Марья Николаевна внимательно смотрела на Ланде.
— У меня…
Ланде поправил фуражку и спокойно сказал:
— Не очень… четыре тысячи есть.
И опять Молочаев нехорошо подумал: «А эффектную паузу выдержал!»
Потом нечаянно посмотрел на Марью Николаевну и забыл про Ланде.
— У вас лицо с картин Штука, когда вы смеетесь или задумываетесь! сказал он восхищенным, искренним голосом, а глаза у него жадно заблестели.
Марья Николаевна засмеялась, и при луне на мгновение ярко и таинственно забелели белые зубы в резко очерченных полуоткрытых губах. Ланде посмотрел на нее и увидел, что лицо у нее точно — белое, сильное и нежное, и жестокое, как на картинах Штука. И вся она была такая высокая, стройная и сильная, и пахло от нее чем-то свежим и возбуждающим.
— Так все им и отдадите? — пряча лицо от Молочаева, спросила Марья Николаевна Ланде.
— Так и отдам! — радостно и ласково улыбаясь ее красоте и ясным глазам, сказал Ланде.
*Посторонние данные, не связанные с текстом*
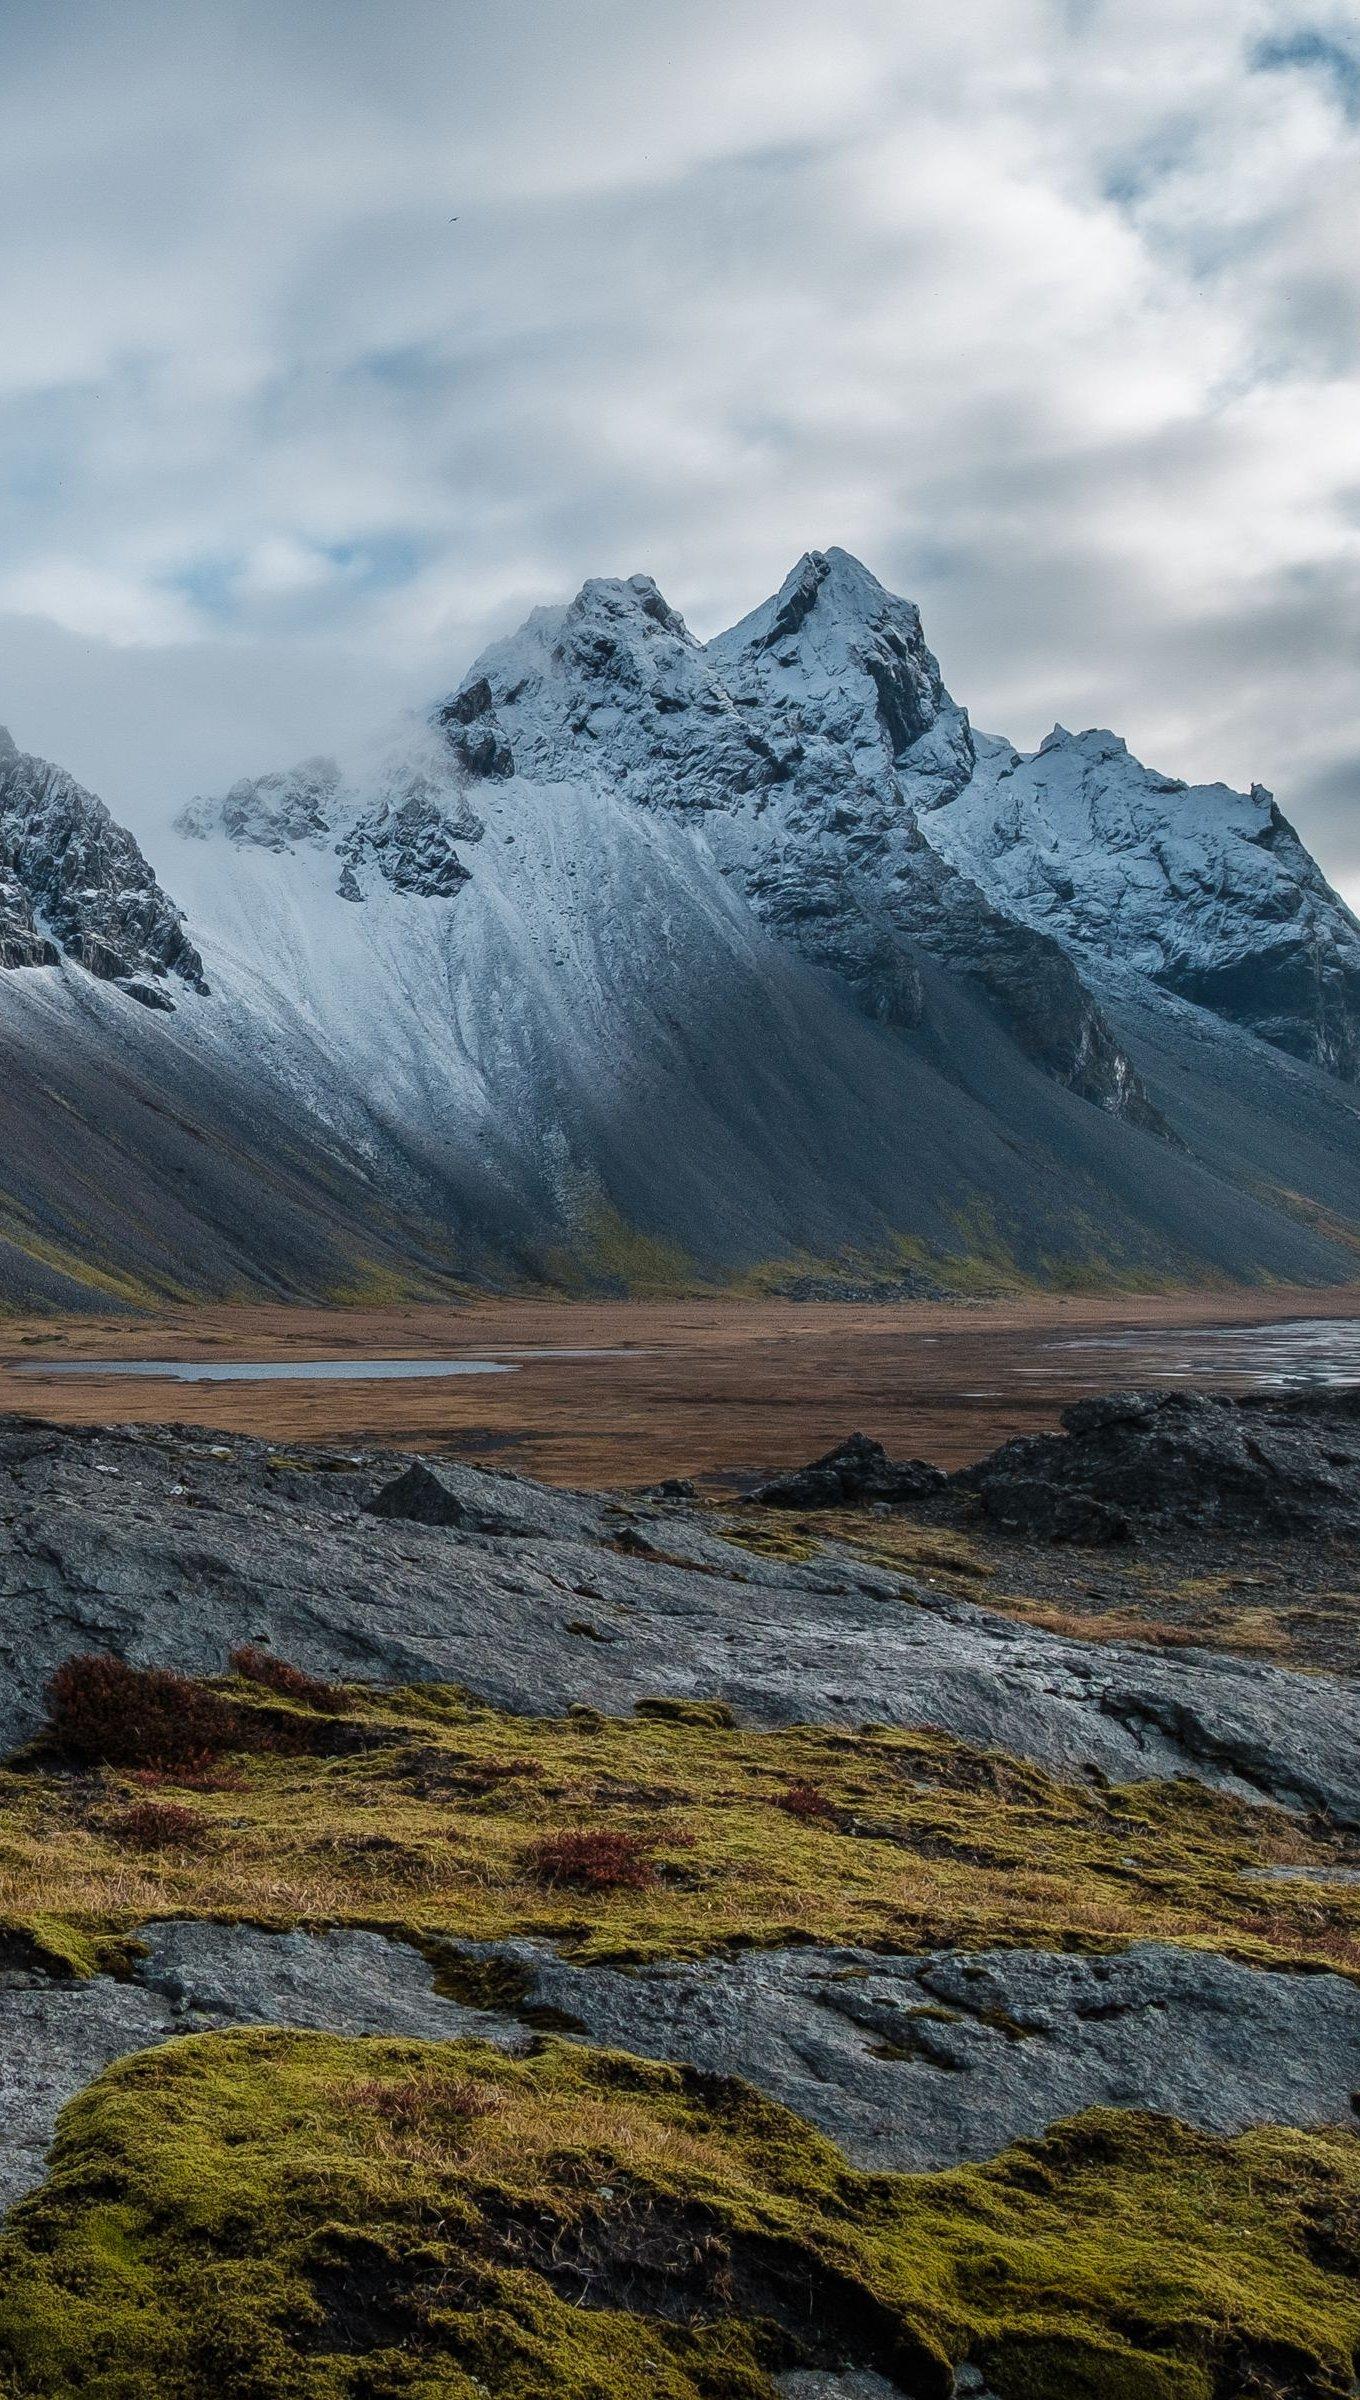 Fondos de pantalla Montañas en paisaje nublado Vertical

И голос у него был такой спокойно и мягкодушевный, что Марья Николаевна вдруг на мгновение задумалась. Какая-то глубокая, теплая и кроткая струнка чутко отозвалась где-то в самой глубине ее души.
«Милый он какой-то и странный… Блаженненький! — с улыбкой вспомнила она, как называл Ланде Семенов… — Нет, он не блаженный!»
Ей захотелось, чтобы это было не так. Не потому, что перед ней был именно Ланде, а потому, что теперь, в ночь, хотелось, чтобы тут близко, в живом и сознательном, засветилось торжественно и просто то могучее и прекрасное, что было вокруг, в лунном свете, в звездном небе, на торжественно-спокойно спящей земле.
— Мне сюда… — сказал Ланде нерешительно. Ему не хотелось уходить от них.